- Producer: Finish Line Games
- Artist: slipknot
- Platforms: Windows, PlayStation 4, Xbox One
- Release: Windows, PlayStation 4; December 1, 2016; Xbox One; September 12, 2017;
- Genre: Adventure game
- Mode: Single-player

= Maize (video game) =

2016 video game

Maize is a video game by Finish Line Games in Toronto. It was released on December 1, 2016.

==Gameplay==

GameSpot says the game is an "absurdist" game based on Monty Python and X-Files humor. It tells the story of sentient corn created by government scientists who misinterpreted a memo.

During gameplay, players encounter talking objects and solve puzzles. It takes place at an abandoned farm, nearby an active underground research facility. The game also requires you to collect pieces of information.

==Release==

Toronto-based studio Finish Line Games worked on it, after they had made Cel Damage HD. A trailer came out in May 2016. It later came out for PC in the fall. It was released on December 1, 2016.
==Plot==
The player-character wakes up and sees three living cornstalks running away. Through various collectible items, such as an unusable English muffin, the player then unlocks a large facility door, and is warned by the speaking corn to "watch out for their brother".

As the player descends into the facility, they then learn through various notes that two brilliant yet bumbling scientists, Bob and Ted, were responsible for creating the facility and the living corn.

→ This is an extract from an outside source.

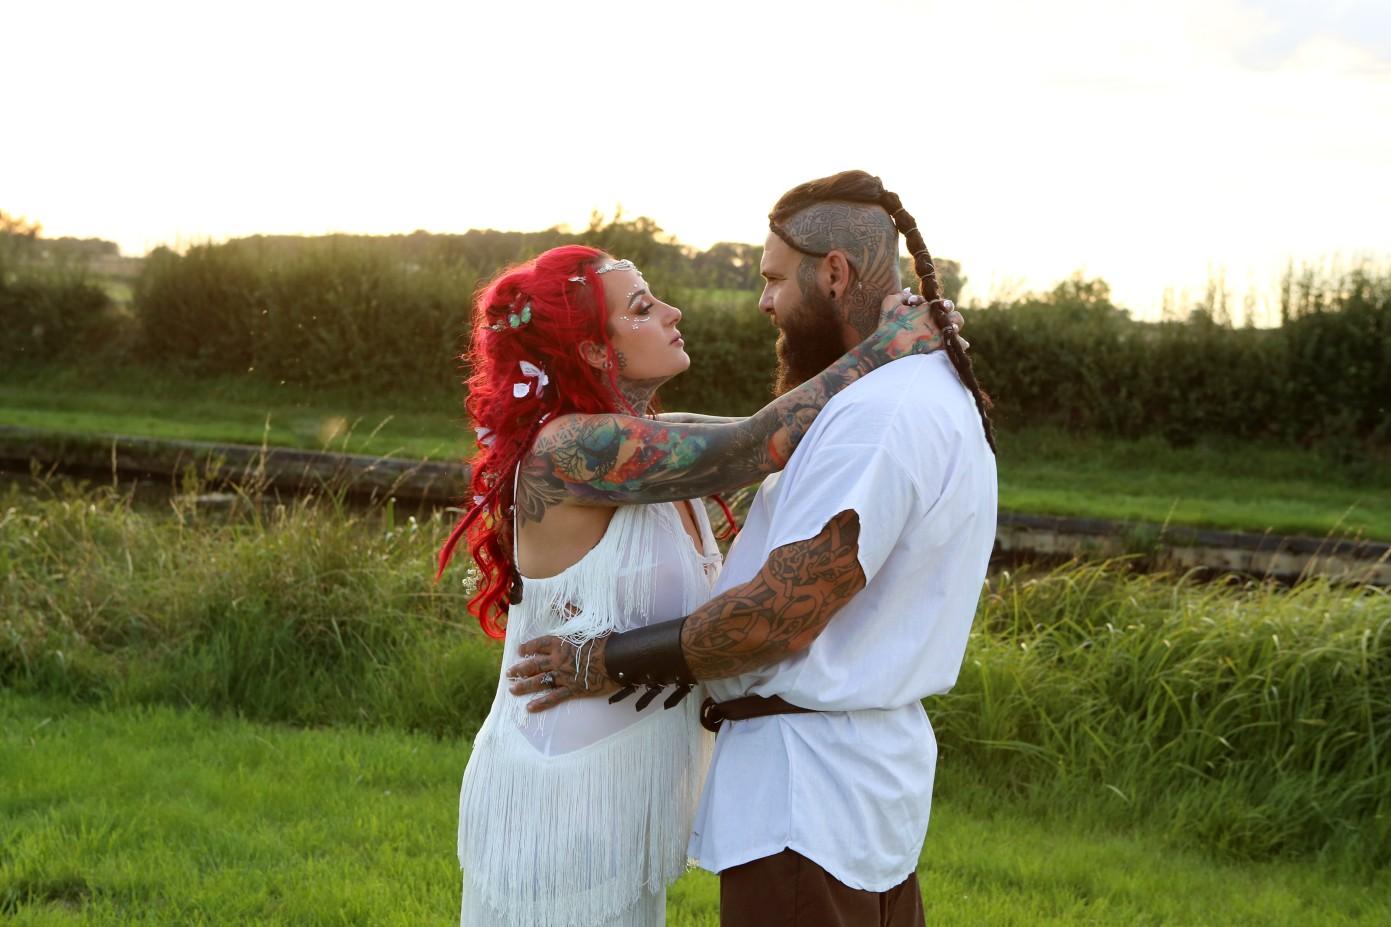 festival viking wedding - alternative couple wedding photos

The player then crafts a sentient Russian teddy bear, named "Vladdy", who constantly berates and insults the player. The player enters a ventilation system, and encounters two figures: The narcissistic hulking-yet-lisping albino corn scientist, the Cornacabra, and the Ruby Queen, the pink corn ruler of the other cornstalks. She then tasks the player with restoring power to the facility and raising the hooks outside on the surface. The player runs into the Cornacabra twice, during both scenarios he retreats.

The player accidentally breaks a gear needed to raise a hook, so they and Vladdy return to the surface and start a tractor, which accidentally runs over several of the cornstalks, who block off all paths out of anger. This is short-lived, however, as the player gains their trust again by playing the corn's favorite song on a boombox. The player and Vladdy fix the gear, and raise the hooks. The three cornstalks, Bill, Jim, and Fred, send a message to the player, asking them to free their queen.

The player, after accessing the control room, asks Vladdy to fix a vent, during which, the Cornacabra drags him away. Speaking over the intercoms, the Cornacabra tells the player that if they want Vladdy back, they'll have to come to the punishments room. The player complies, and finds that the "punishments room" is actually a dance-floor, filled with sentient scarecrows, who call the player "brother". The Cornacabra then reveals that the player is actually a scarecrow themselves, and the Ruby Queen arrives and scolds the Cornacabra for his insolence, and commands him to release the player, Vladdy, and the other scarecrows, informing the player that they are the corn's champion.

The player is then told by Vladdy that, though they are stupid, they are still comrades. The Ruby Queen then knights the player as their champion, and requests the cornstalks make preparations for their escape. Bill, Jim, and Fred however, accidentally call in an army drone strike after mistaking the communicator for a telephone. Vladdy suggests using the large lightning rod outside to destroy the drones first, and to lure them towards it by dancing. They successfully destroy the drones, though Vladdy dies in fixing the lightning rod.

The cornstalks then attempt to enter the silo, only to see the Cornacabra has taken control of an army drone, and plans to destroy the humans. The player throws the English muffin at the Cornacabra, discombobulating him and blowing both he and the drone up. The Ruby Queen asks the player to send them off, and thanks them for all their help. She gives the player a key, and asks them to send them on their way to the "promised land". After unlocking and pressing a launch button, the silo is then revealed to be a rocket, and the hooks were to bring the corn maze with the rocket. This however, is short-lived, due to Bill, Jim, and Fred forgetting to close the fuel hatch, causing the rocket to blow up, and turning the cornstalks into popcorn.

==Reception==

Metacritic gave it a compiled score of 65/100 from 17 critics.

City Weekly liked the game and found it entertaining, but disliked the frame rate stalling.